**Available data**
════════════════════

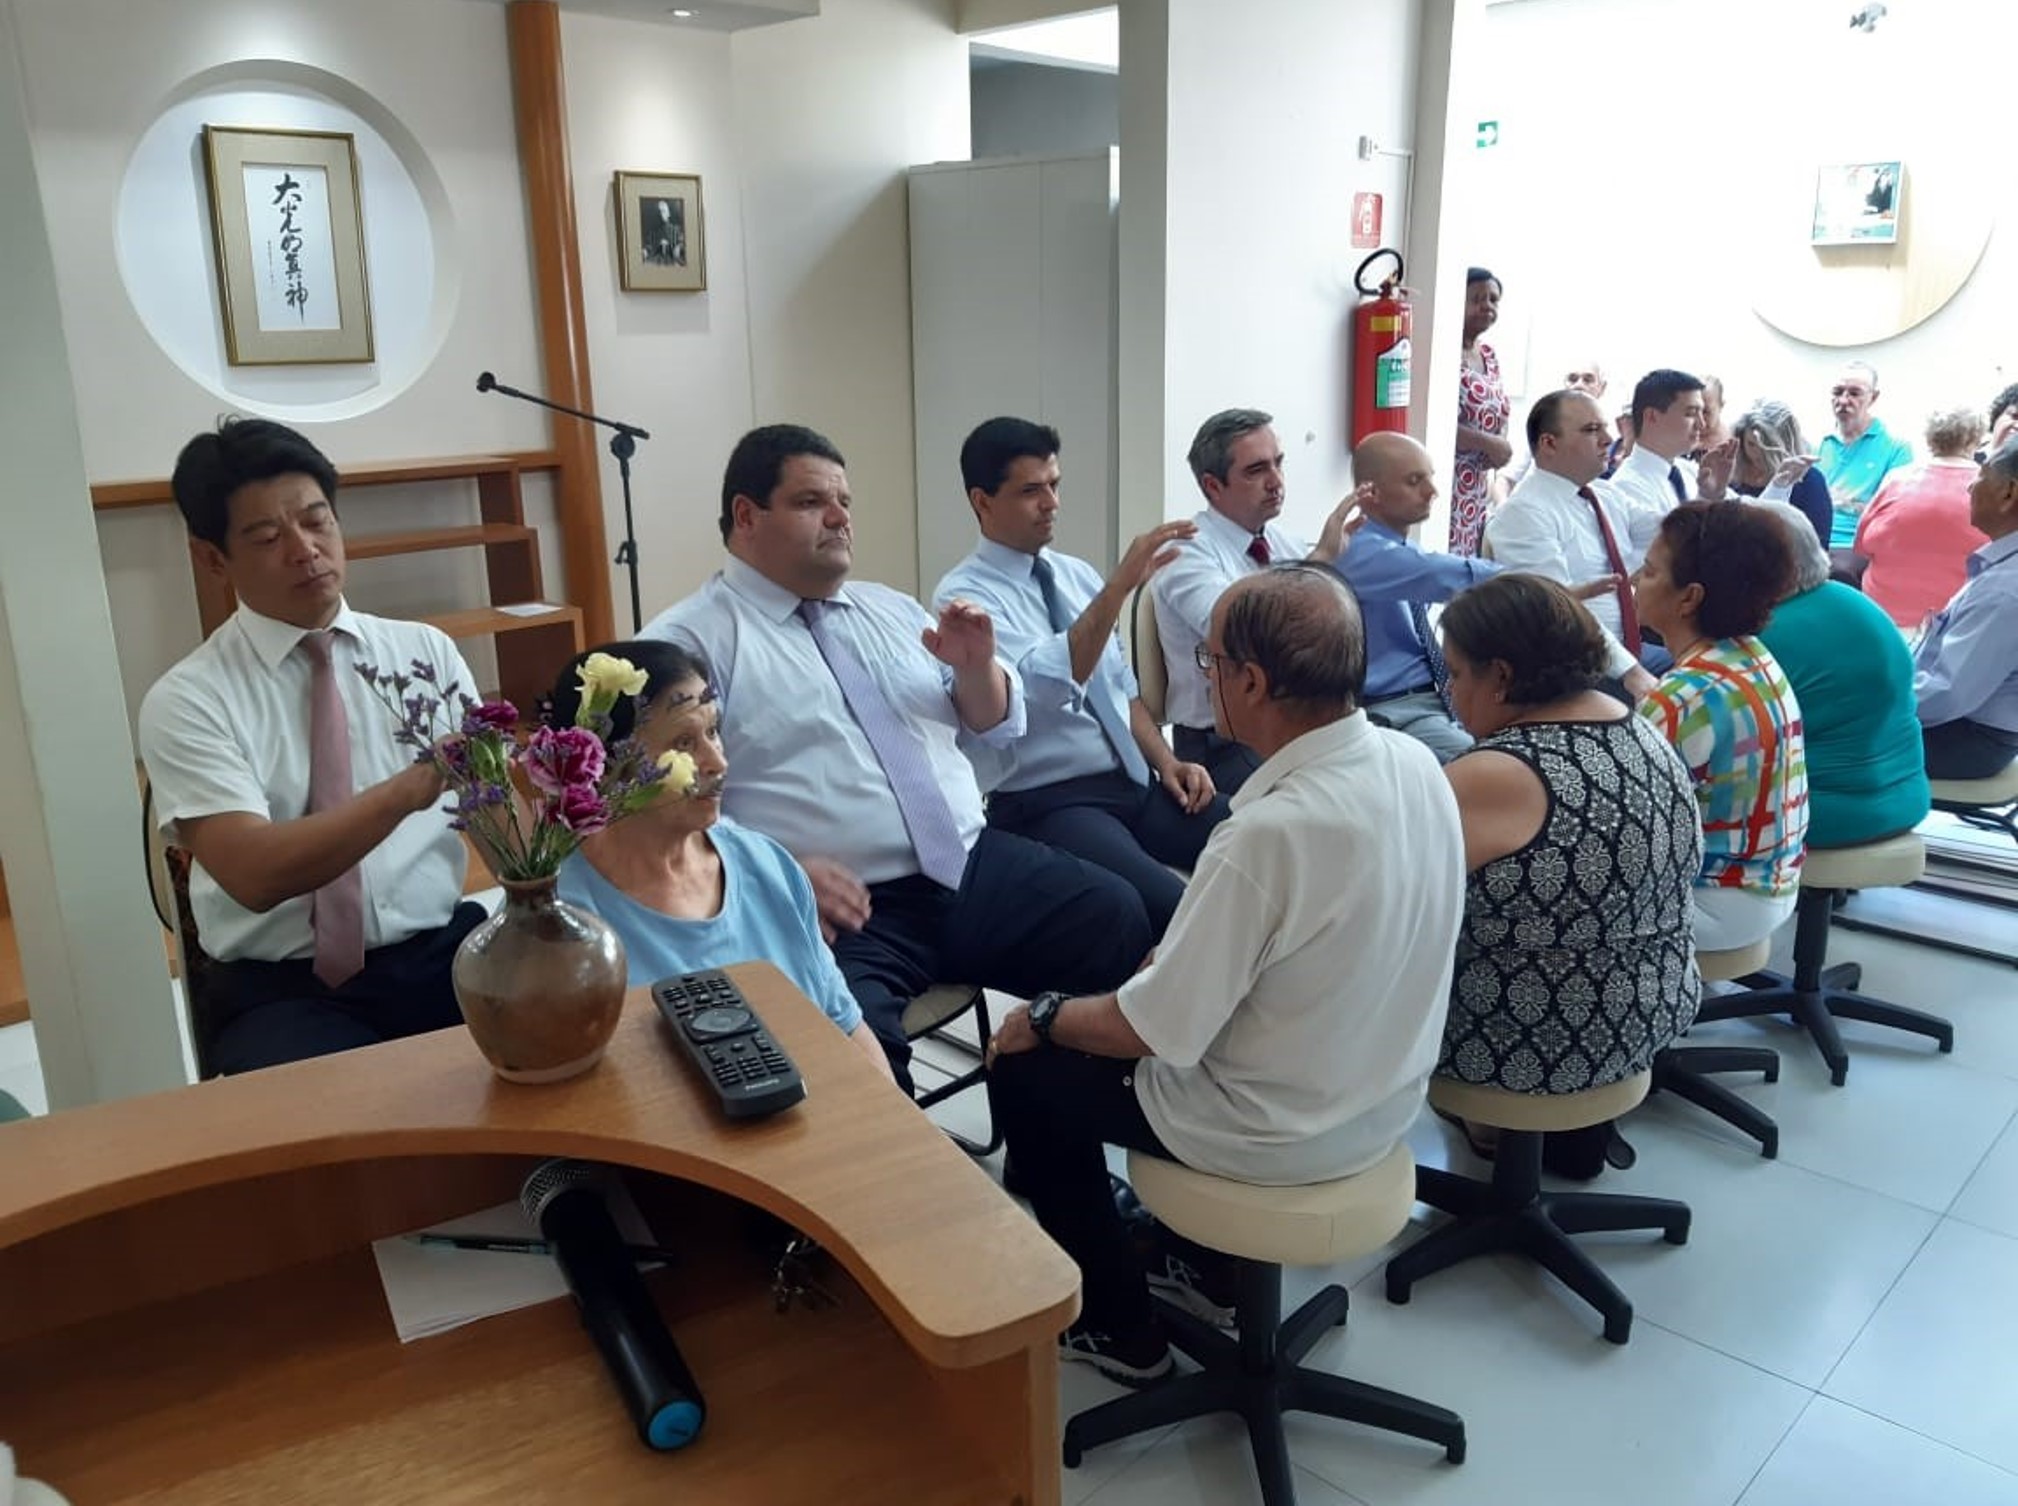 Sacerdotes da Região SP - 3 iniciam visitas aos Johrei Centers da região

════════════════════

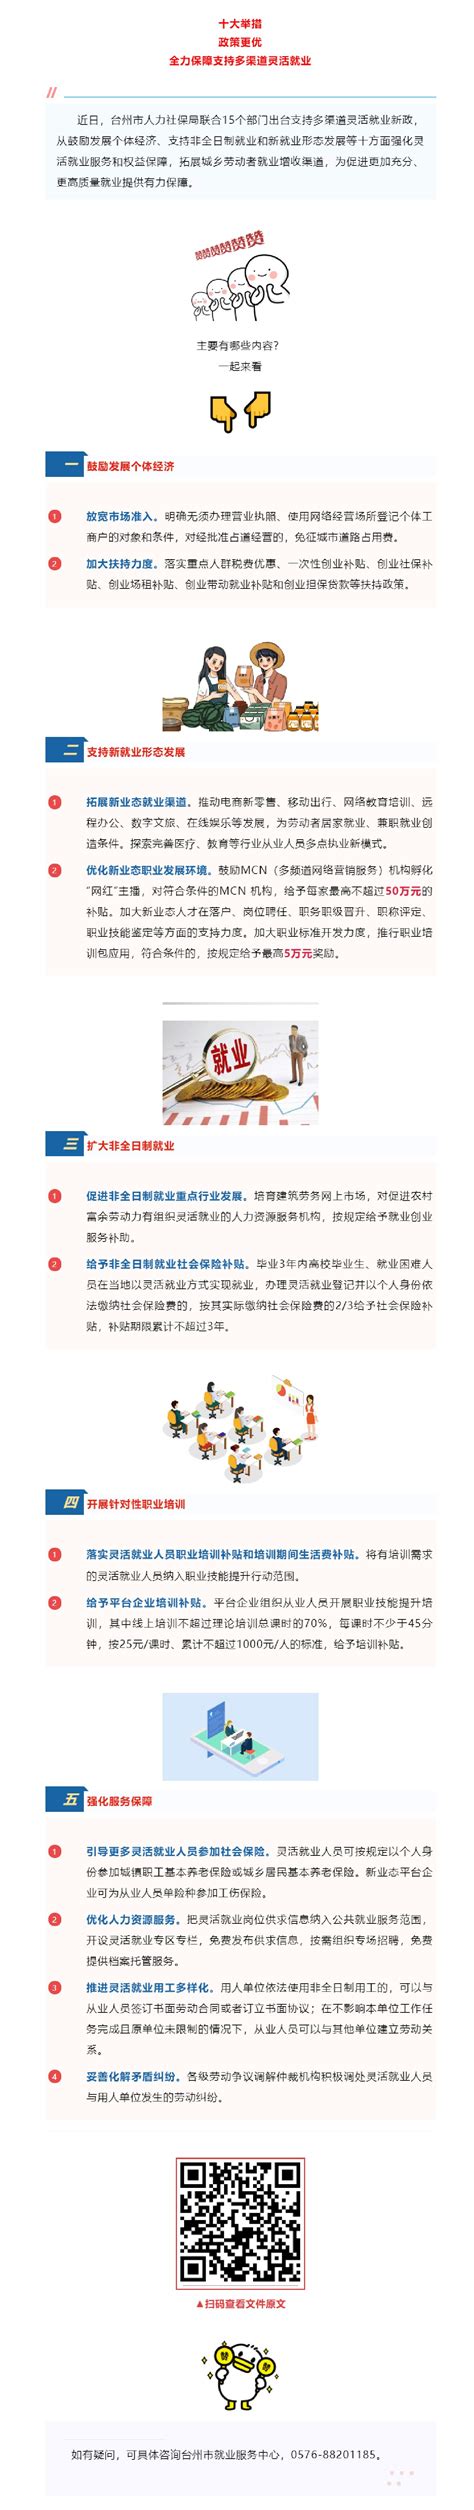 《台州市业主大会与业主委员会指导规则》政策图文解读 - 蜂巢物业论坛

════════════════════

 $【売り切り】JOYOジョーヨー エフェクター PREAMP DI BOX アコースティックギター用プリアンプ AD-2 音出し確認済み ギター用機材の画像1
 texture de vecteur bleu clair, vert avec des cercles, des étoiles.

════════════════════

**What you have to do**
Copy the lines above exactly, beginning at the line that has "AD-2 音出し確認済み ギター用機材の画像1" and stopping after the line that has "texture de vecteur", and omit the rest.

**Written response**
 $【売り切り】JOYOジョーヨー エフェクター PREAMP DI BOX アコースティックギター用プリアンプ AD-2 音出し確認済み ギター用機材の画像1
 texture de vecteur bleu clair, vert avec des cercles, des étoiles.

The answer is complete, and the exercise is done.